Perry's plan, though--like Herman Cain's 9-9-9 plan--would scrap the capital gains tax. That's great for people like Warren Buffett who make a lot of their income through investments. It's also a boon for managers of private-equity funds, one of the most lucrative investment vehicles on Wall Street, because private-equity managers report much of their income as capital gains.

And Perry's plan raises what Steuerle called "a huge arbitrage problem," because wealthier taxpayers can hire lawyers and accountants who are skilled at finding ways to classify income as capital gains, thereby reducing their clients' tax burden.

Perry's plan also offers deductions to the flat tax rate for charitable contributions and for mortgage interest--both of which disproportionately benefit the rich.

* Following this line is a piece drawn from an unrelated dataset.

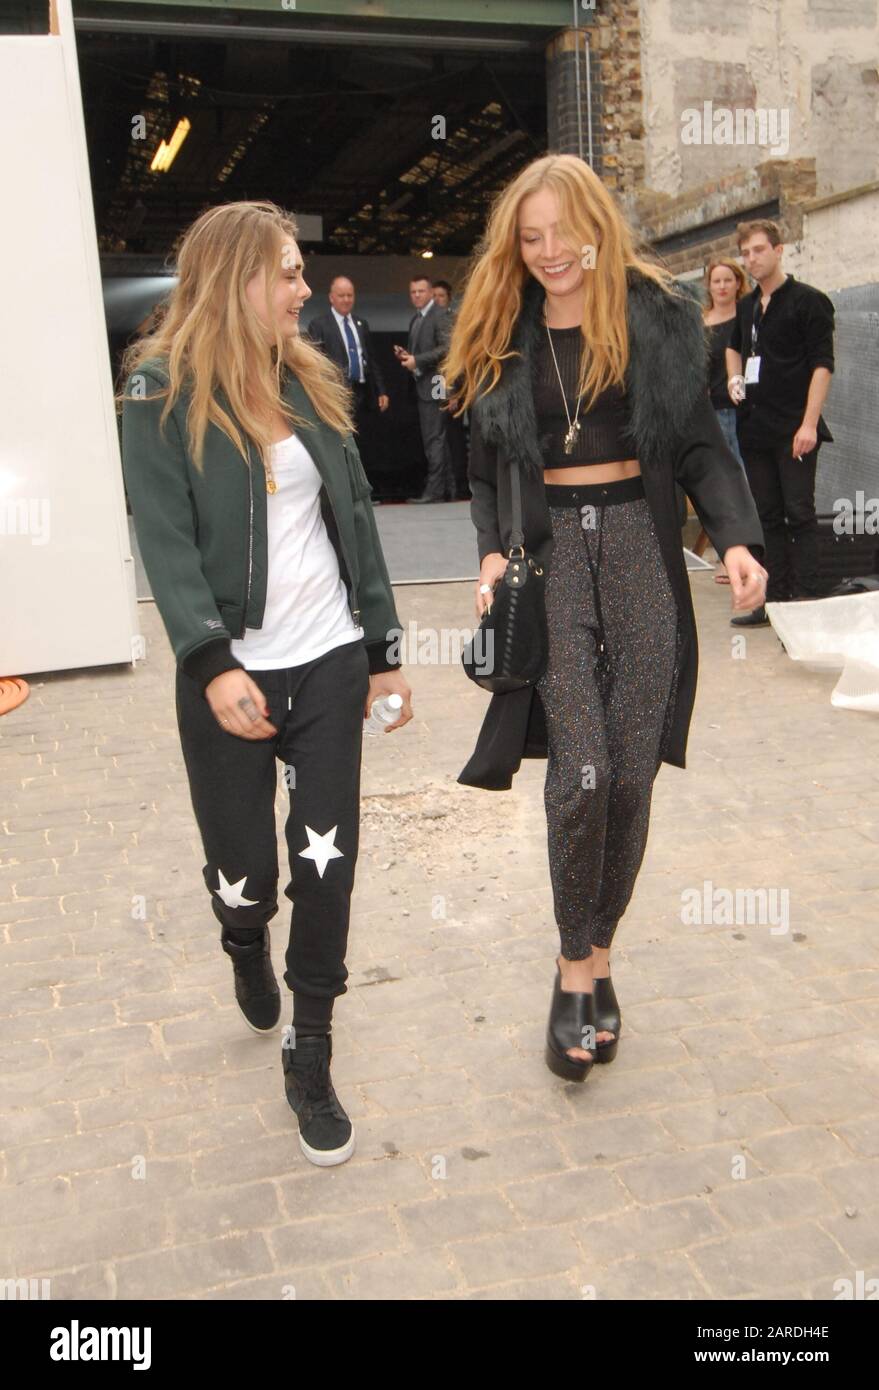 Cara Delevingne And Clara Paget The Topshop Show Space 277a Gray S Inn Road London Stock Photo Alamy

"The people who will almost certainly take that alternative will be the rich," Roberton Williams of the Urban Institute told Yahoo News. "People who don't want to pay capital-gains tax, and are quite happy to see a cut in the income tax from 35 to 20 percent."

As for the poor, many might pay a higher rate under Perry. Thanks to tax credits, many lower-income Americans don't currently pay any federal income taxes. But Perry's plan, it appears, would scrap those credits.

"You've got the same distributional problems that you do with the Cain plan, because presumably it would scrap the earned income tax credit and other refundable credits," Bruce Bartlett, a former Treasury Department official under President George H. W. Bush, and the author of a forthcoming book on tax reform, told Yahoo News. "So you're massively raising taxes," for people who currently pay nothing, he said.

Perry touts the simplicity of his plan as another attribute. "This simple 20 percent flat tax will allow Americans to file their taxes on a postcard," he writes in the Journal.

But by giving people a choice, the plan would prompt many Americans, essentially, to do their taxes twice, in order to figure out which system benefited them more. "I still run thru my Turbotax program and I compare it with this new one," Gayer said. "So it doesn't really simplify things."

To avoid widening the deficit--the plan almost certainly would raise less revenue than the current system--Perry imposes a spending cap of 18 percent of GDP.

"That's a substantial cut relative to long-term forecasts," Gayer said, adding that it's unlikely that it could be done without targeting the three major drivers of spending: Social Security, Medicare, and defense.

The plan doesn't specify where the cuts would come from. "How are you going to get us to 18 percent?" Gayer said. "That's the hard part."